I need a printer under 5k [cheaper is better]. my usage will include 4-5 black and white prints per month. and ~20-25 black and white page in every 6 months. Color printing is not necessary but it'd be great, if color printing is available, i will print 3-4 photos in every 2 months.

my primary requirement is low cost per print. and not the quality of print.

i asked a local dealer about these printers and he told me 2 printers, one costs Rs.2100/- uses cartridges worth Rs.500 for black [didn't asked about other colors] and the other one which costs around 5600/- uses ink tanks with each ink color priced@ Rs.100/-

which one is better? i'm n00b about printer and inks.

does it worth getting a CISS based printer? can i get one within my budget?

any disadvantage of using non genuine inks? [in case of CISS/ink tanks] i am not concerned about poor quality prints.


----------



## Samarth 619 (Nov 12, 2013)

There are 2 kinds of Printers mostly: Inkjet and Laser printers.

Inkjets are cheap and can be color printers too.
Lasers are mostly Mono (B&W) and have longer life, and higher print quality and low print cost.



> which one is better? i'm n00b about printer and inks.


Get a Mono Laser printer. Get Brother HL 1111 for Rs. 4800... Or get another Mono Laser Printer.

*Reason:* You mentioned very low print requirements. 4-5 prints/ month will get your printer's ink dry.
These inkjet printers will clog if you don't print for a week or so... Then you have to flush them, and they turn out to be very very expensive...So, Avoid them!
I too had a Epson ME 535... It sucked money out of my pockets!! While they claimed 240 prints/ cartridge, I hardly ever got above 40-70 prints/ cartridge.
Why? Because I printed less, like you will be. 



> does it worth getting a CISS based printer? can i get one within my budget?
> any disadvantage of using non genuine inks? [in case of CISS/ink tanks] i am not concerned about poor quality prints.



You can get a Epson CISS printer in Rs. 7000. Its name is Epson L110. But again, will you print one page daily?


Yes, it is worth it, but only if you print daily. If you're thinking L110, then I suggest you print one sample page daily just to keep ink flowing... Dont worry, its only 20 paise/ page print cost.
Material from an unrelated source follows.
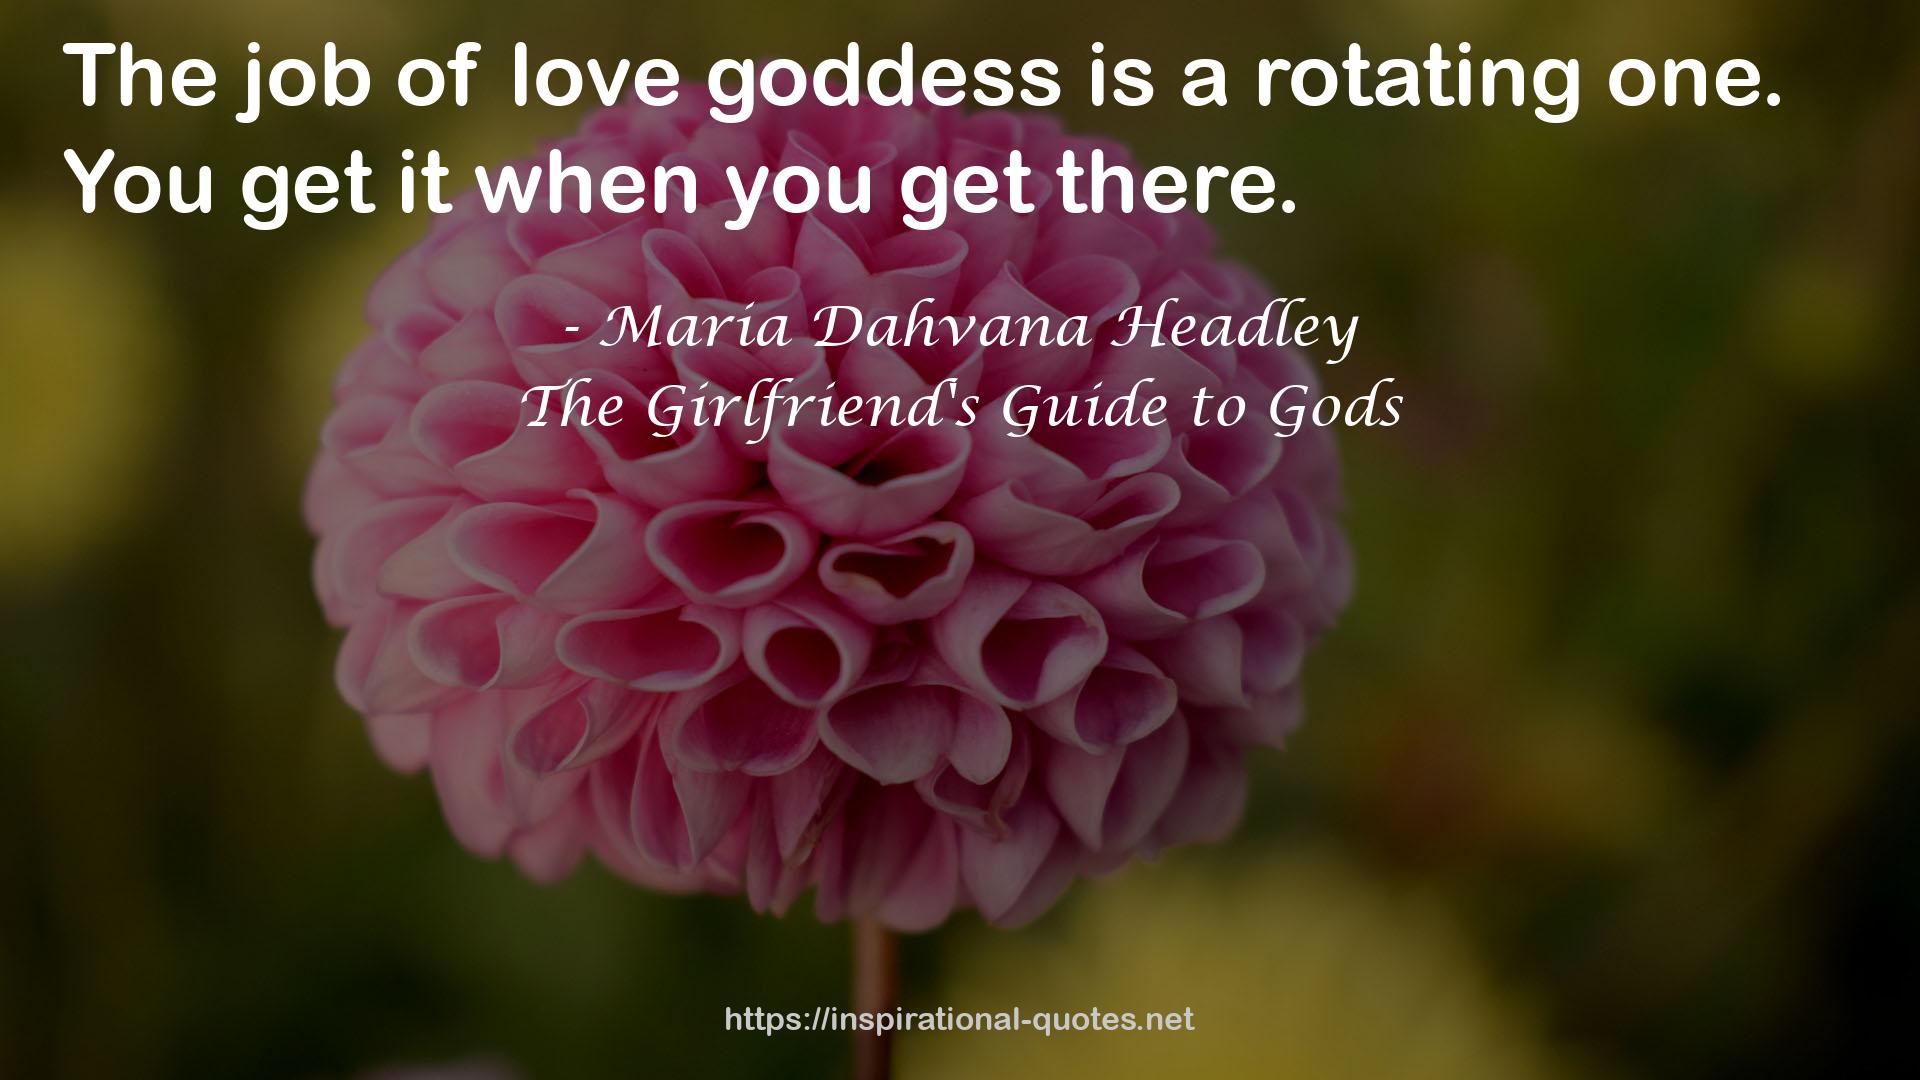 The Girlfriend's Guide to Gods QUOTES

But if you don't print for 3 days, the ink itself goes a little bit low...
Don't print for 8 days and the ink clogs, and then you have to flush it which itself consumes lots of ink. Inkjet printer consumes a lot of ink even when you're not using it.

The only benefits of inkjet technology are: Cheaper to manufacture initially, small space required, color printing made easier, etc. That's it.
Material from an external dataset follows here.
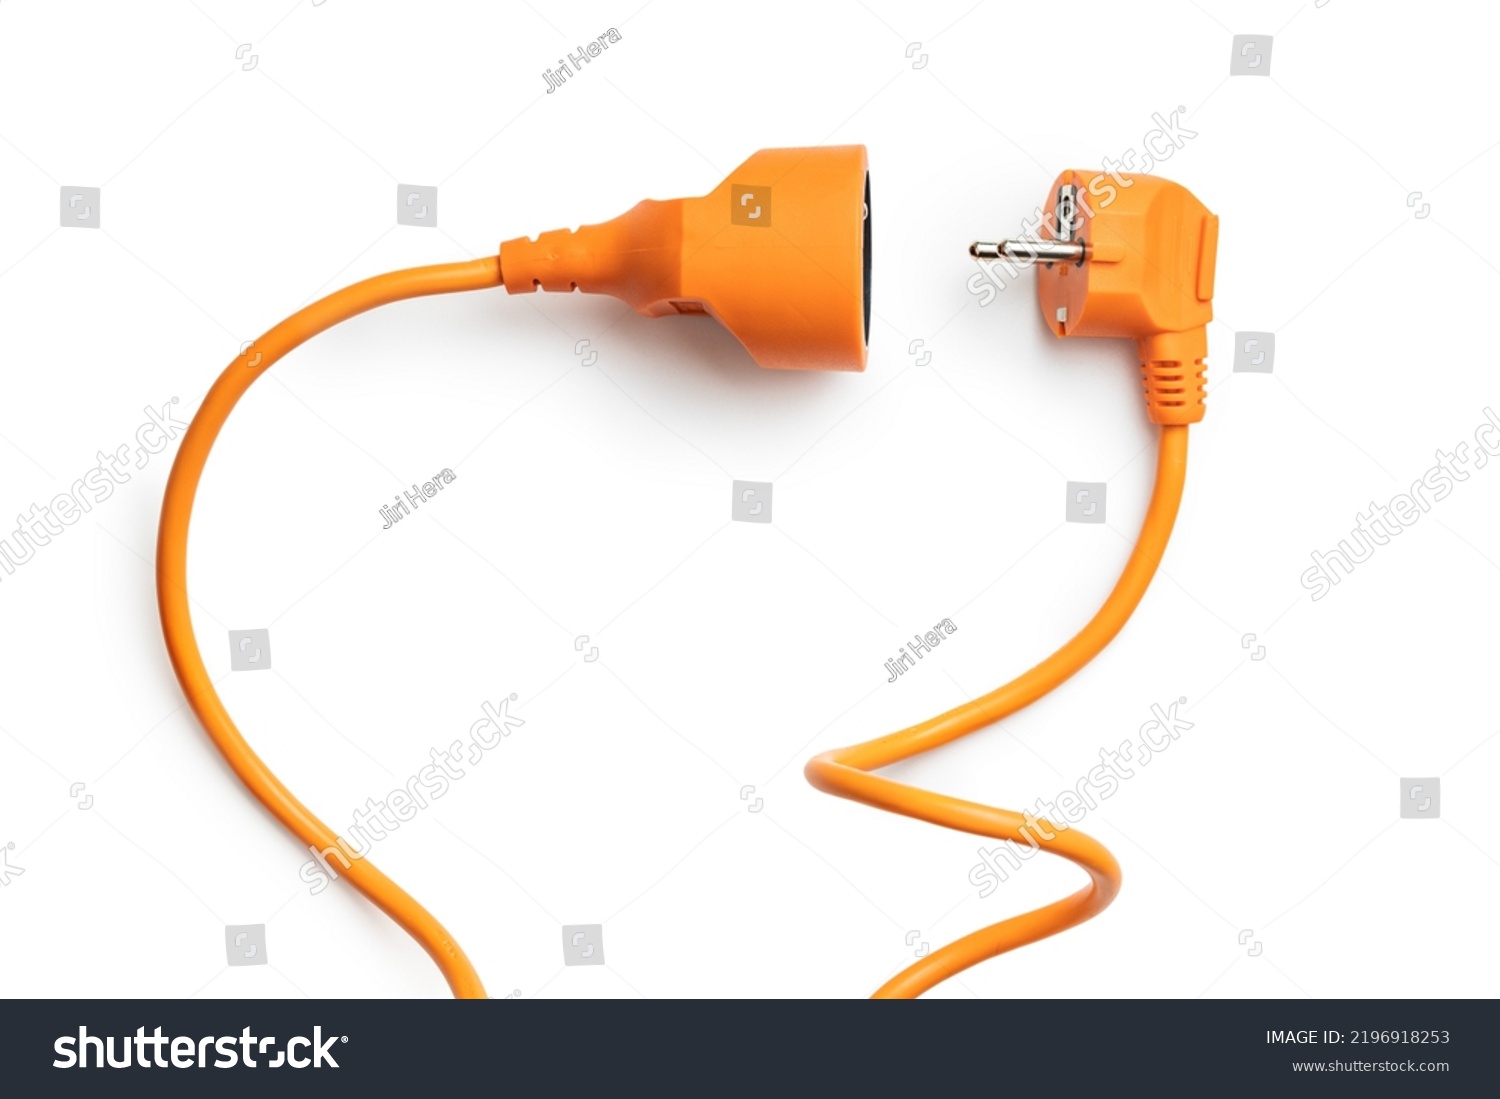 Disconnected orange electric plug and socket isolated on the white background. #2196918253

Otherwise, laser printers rule the world! Get Brother HL 1111 is what I recommend. Otherwise, yes, you have L110 if you insist on Inkjets only!


----------



## Bencollins (Nov 13, 2013)

Samarth 619 said:


> There are 2 kinds of Printers mostly: Inkjet and Laser printers.
> 
> Inkjets are cheap and can be color printers too.
> Lasers are mostly Mono (B&W) and have longer life, and higher print quality and low print cost.
> ...


Thanks for all the info you provided. I think i should stick to laser printer

What's the price of toner ? How many pages a single cartridge/pack of toner can print?


----------



## Samarth 619 (Nov 14, 2013)

Bencollins said:


> Thanks for all the info you provided. I think i should stick to laser printer
> 
> What's the price of toner ? How many pages a single cartridge/pack of toner can print?
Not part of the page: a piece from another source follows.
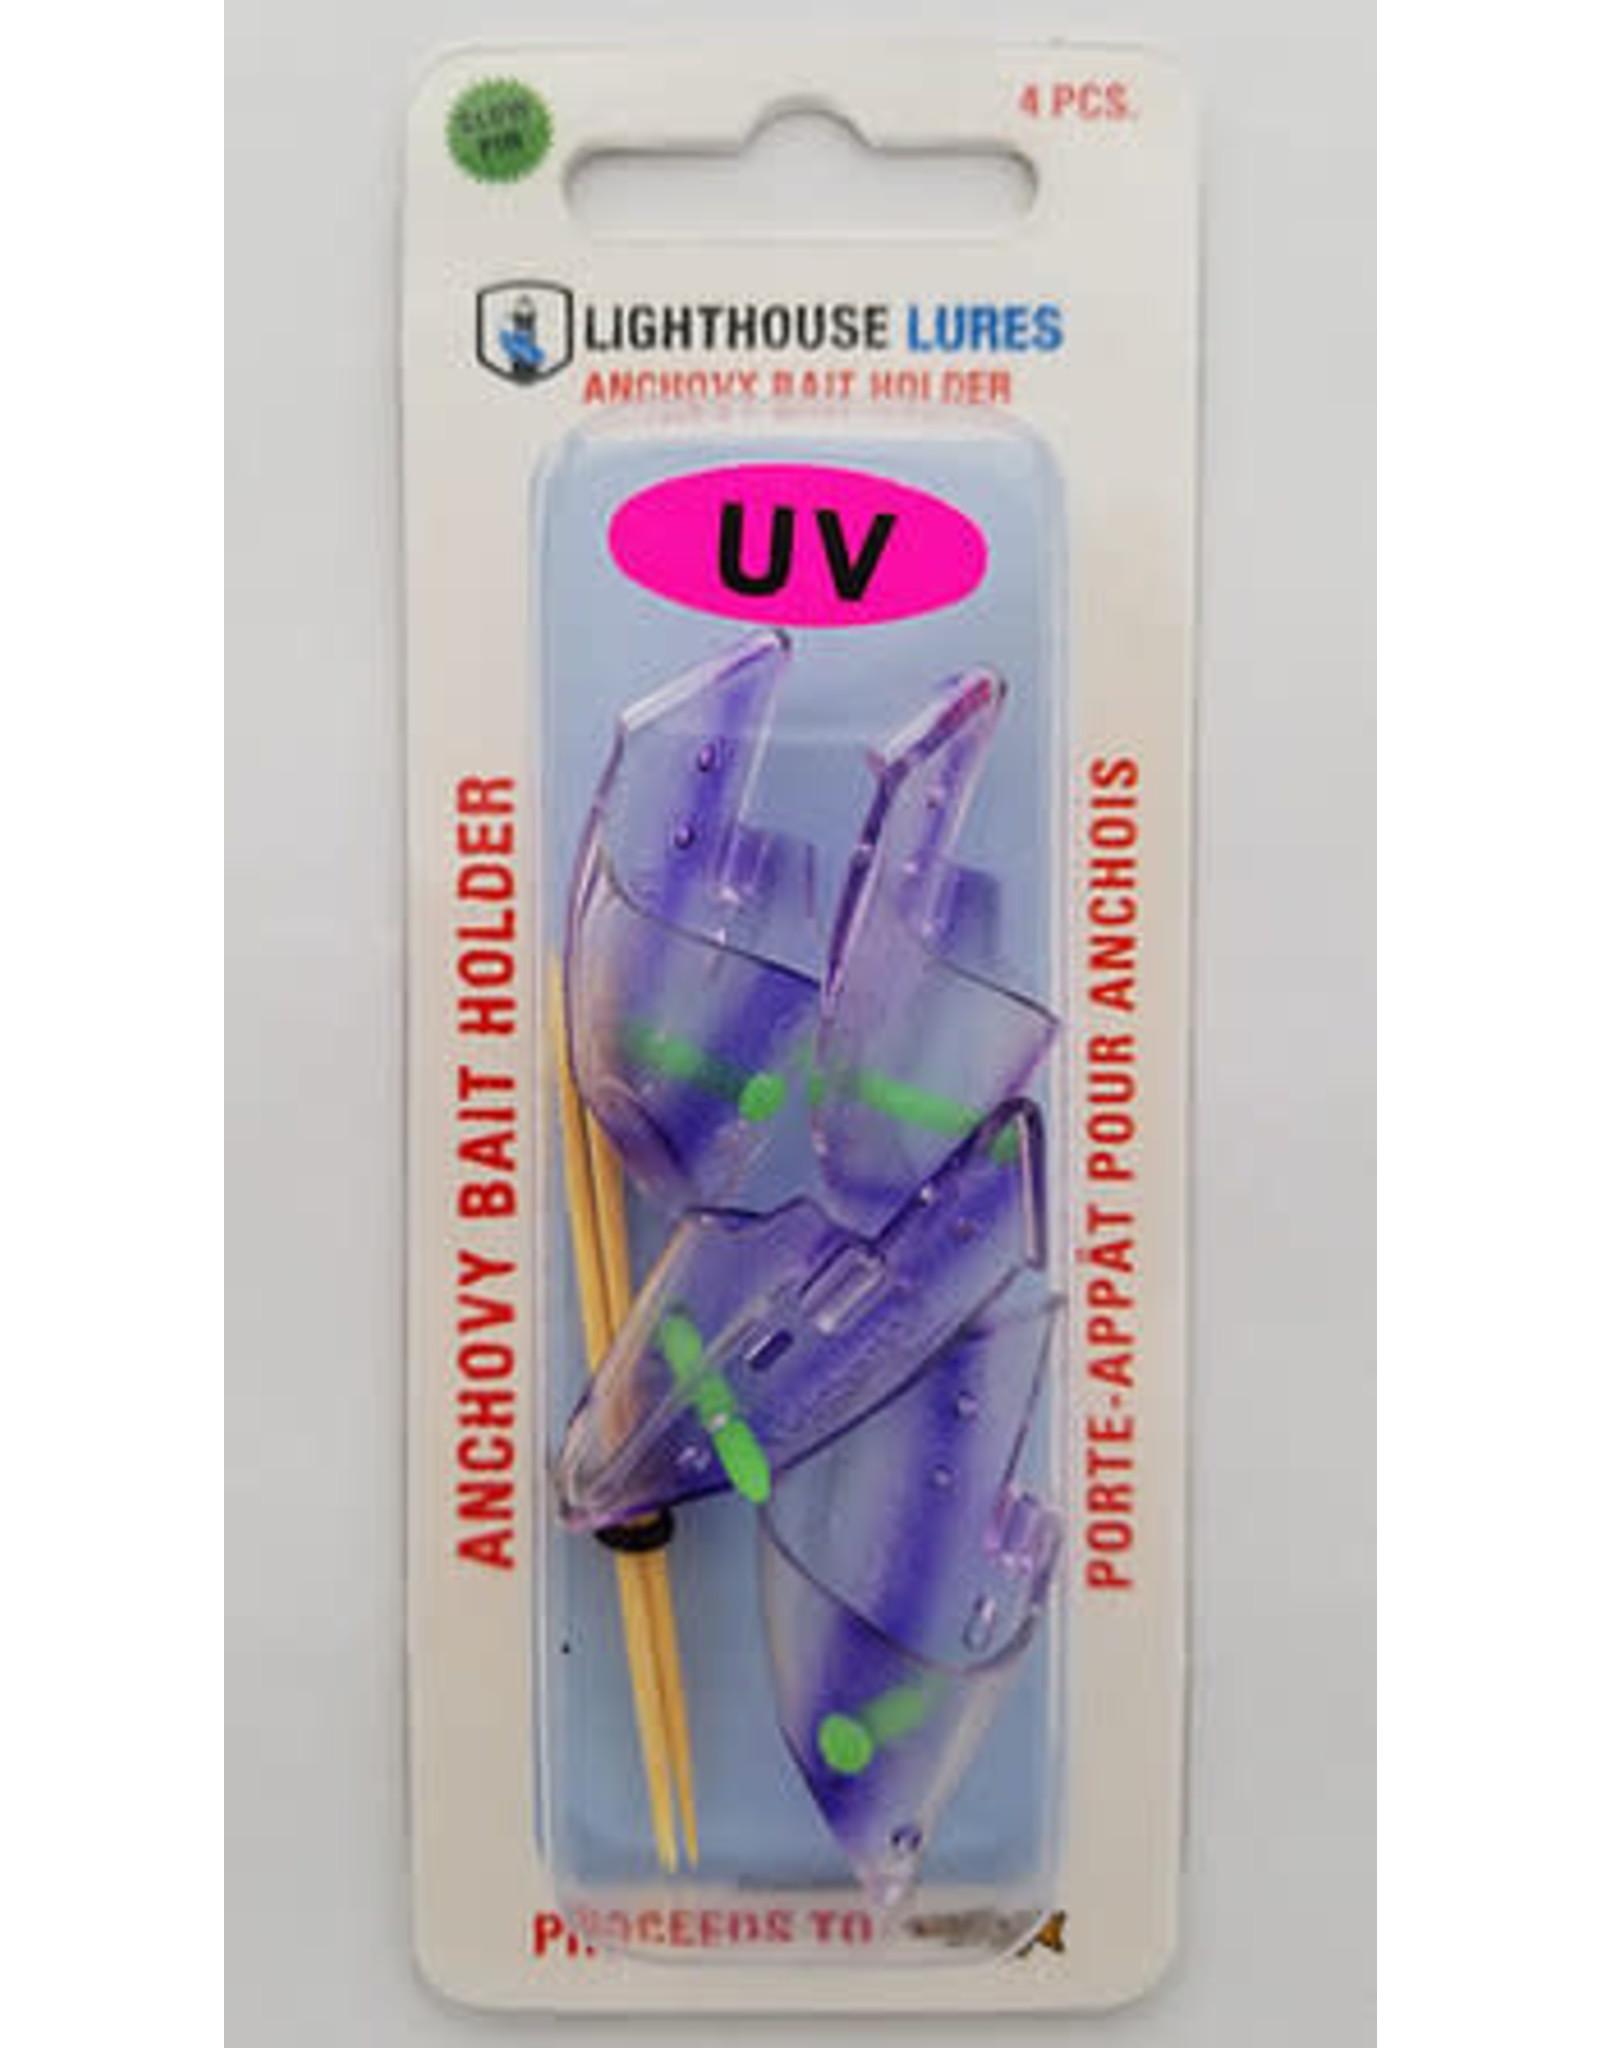 LIGHTHOUSE LURES LIGHTHOUSE ANCHOVY BAIT HOLDER 4 PK

Its approximately Rs. 1775 for a 1500 pages toner, called Brother TN 1020 Toner.
However, the key is that you can get the toner refilled for as less as Rs. 100-200 or so... That means, later on you are more at a bigger benefit.

Just go to some toner shops and ask them whether Brother TN 1020 can be refilled or not. If they say Yes, go for it!


(After 10000 prints, the head might need replacement, which is around Rs.2700 or so, but no big deal though, because it doesn't have an expiry... only after you print 10,000 prints, it may give up.).



*EDIT:* I've been informed that for refill-ability, Canon LBP 2900 is a better choice and it costs Rs. 6000. Do consider it. Brother printer may have more costs involved in the long term.


----------



## Samarth 619 (Nov 18, 2013)

Buddy, I just came to know that Brother isn't that good a deal for long term. Our college hardware manager suggested Canon LBP 2900 for Rs. 6000. And that can refilled for peace of mind and work efficiency.

So, I suggest you go ahead with Canon LBP 2900 only.


----------